Published: June 4, 2025 | arXiv ID: 2506.04490v1

By: Rishwanth Raghu , Axel Levy , Gordon Wetzstein and more

BigTech Affiliations: Princeton University Stanford University

Potential Business Impact:

Helps scientists see how moving body parts work.

Business Areas:
Bioinformatics Biotechnology, Data and Analytics, Science and Engineering

Protein structure prediction models are now capable of generating accurate 3D structural hypotheses from sequence alone. However, they routinely fail to capture the conformational diversity of dynamic biomolecular complexes, often requiring heuristic MSA subsampling approaches for generating alternative states. In parallel, cryo-electron microscopy (cryo-EM) has emerged as a powerful tool for imaging near-native structural heterogeneity, but is challenged by arduous pipelines to go from raw experimental data to atomic models. Here, we bridge the gap between these modalities, combining cryo-EM density maps with the rich sequence and biophysical priors learned by protein structure prediction models.
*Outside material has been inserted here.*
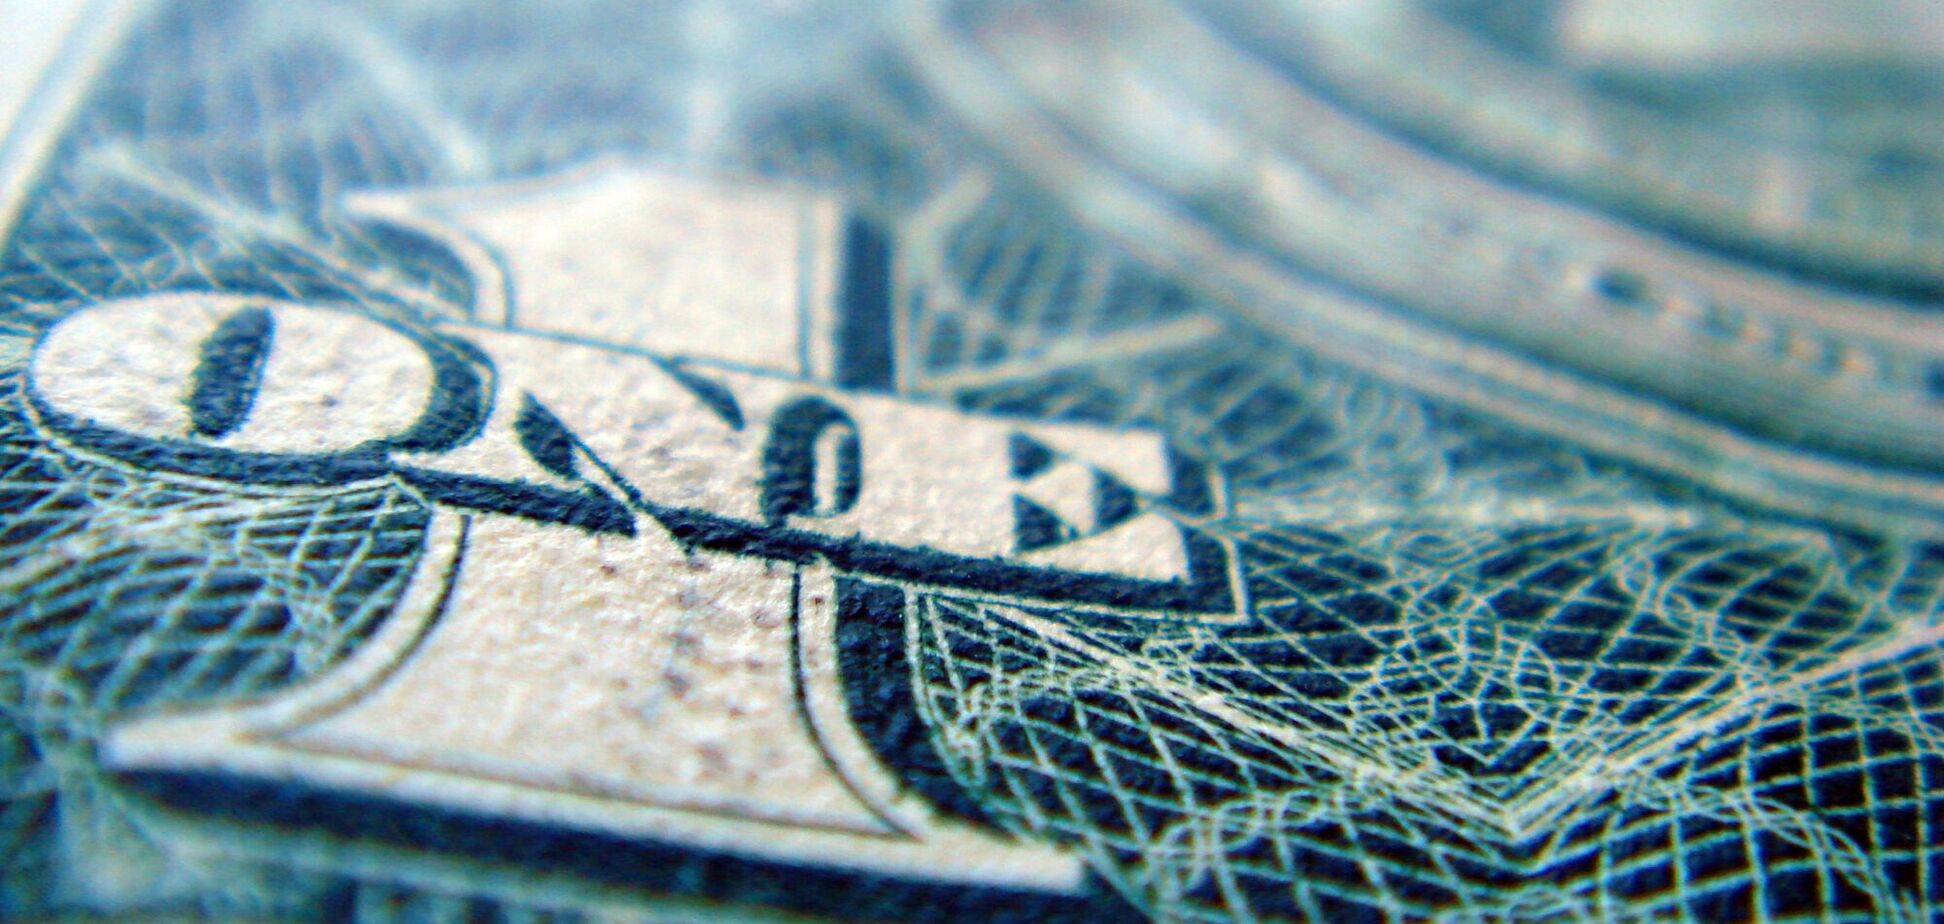 Обменники готовятся существенно переписать курс доллара уже в ближайшие дни

Our method, CryoBoltz, guides the sampling trajectory of a pretrained protein structure prediction model using both global and local structural constraints derived from density maps, driving predictions towards conformational states consistent with the experimental data. We demonstrate that this flexible yet powerful inference-time approach allows us to build atomic models into heterogeneous cryo-EM maps across a variety of dynamic biomolecular systems including transporters and antibodies.

Country of Origin
🇺🇸 United States

Page Count
18 pages

Category
Computer Science:
Machine Learning (CS)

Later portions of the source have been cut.